漁港のわきには、カットしたメカブを干してつくる乾燥メカブ、
地元では乾燥めひびとも言うようですが、その干し場もありました。
プルプルとしたメカブは、天日に干すと1日で乾いてパキンパキンの真っ黒に。
一ついただいてかじってみると、思わず顔をしかめてしまうほどのしょっぱさ。
うま味もたっぷりと凝縮されているはずで、
小さく切っておつゆや味噌汁に入れて食べる、なんていう話を聞くと、
まだお昼前なのにお腹が減ってしまいます。
午後からは、八幡祭でもっとも盛り上がるという弓引神事を見ようと、答志地区の会場へ。

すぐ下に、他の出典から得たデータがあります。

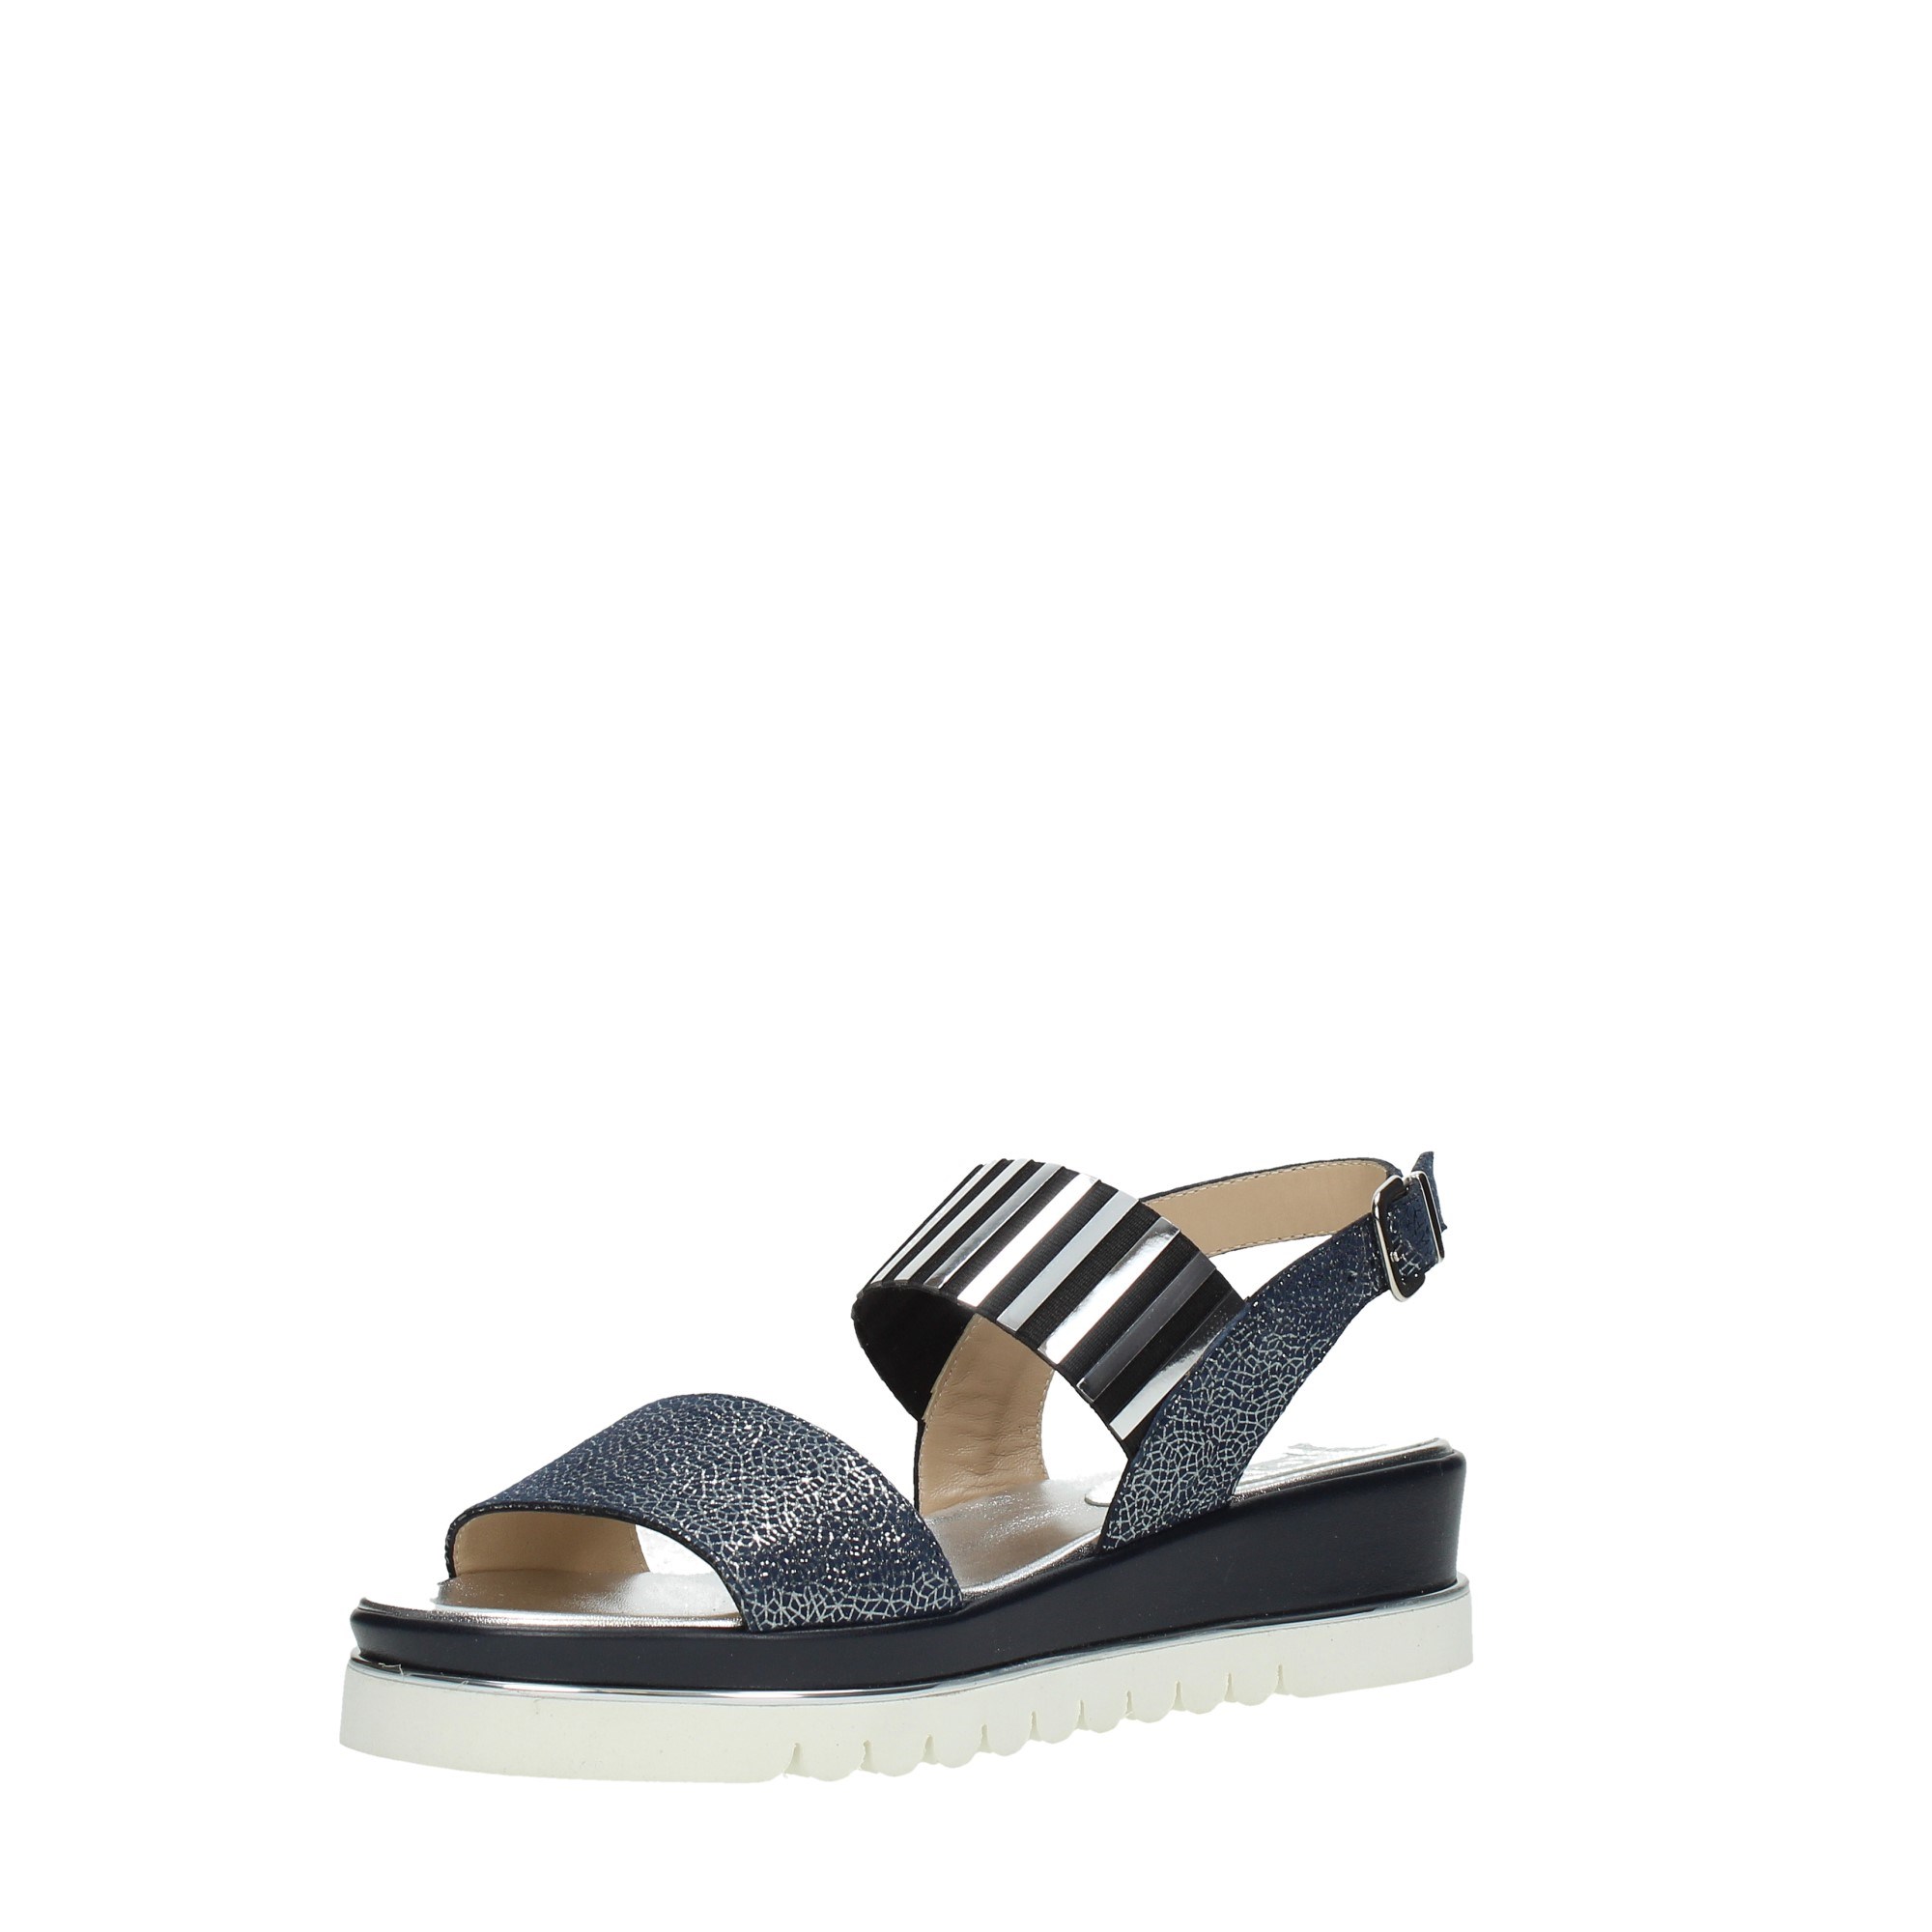 Luca Grossi Shoes Women Wedge Sandals C4565/8058

設けられた舞台では、きらびやかな着物を身にまとった子供たちや
女性らによる華やかな演芸が始まり、
つめかけた多くの島民の熱気で祭りの雰囲気が徐々に高まってきます。
弓引神事の刻限が近づくと、
若者が口々にさけぶ掛け声もさらに熱を帯び、人々の興奮は最高潮に。
若者たちが「お的」と呼ばれる、木組みの紙をはり墨をぬったものを
かついで坂をかけのぼってくるのは一瞬のことでした。
待ちかまえる人々が「お的」にわっと押し寄せ、墨紙を奪いあいます。
人々はこの墨紙で家の戸口に「丸に八の字」を書き、大漁と家内安全を祈願するのだそうです。

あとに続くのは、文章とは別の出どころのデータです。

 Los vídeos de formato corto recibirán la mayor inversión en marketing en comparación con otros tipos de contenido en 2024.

島をあるいていると、いたるところでこの「丸に八」を目にします。
群集にもまれるなか、あっという間に終わってしまった弓引神事。
それでもたまたま隣に居合わせた老漁師の方が、祭りのことはもちろん、
昔の漁のことなどをずっと語り聞かせてくれたうえ、
祭りの最中にはよく見える所へ案内もしてくれたので、
その後に舞台で行われた獅子舞もしっかりと目に焼き付けることができました。
新たな出会いにあふれる島めぐり。
今回も自然にうちからこみあげてくる「ありがとう」がたくさんありました。
気がつけば昼食をとるのも忘れて、ひたすら島のなかを歩き見て聞いた一日。
次に訪れるのはいつになるのか。いまからとても楽しみでなりません。
和具の漁港で味わった乾燥メカブのしょっぱさを思い出し、
出会った一人ひとりの笑顔を振り返りながら、夕暮れの答志島を後にしました。
(新美貴資)
2012年2月11日現在の情報になります。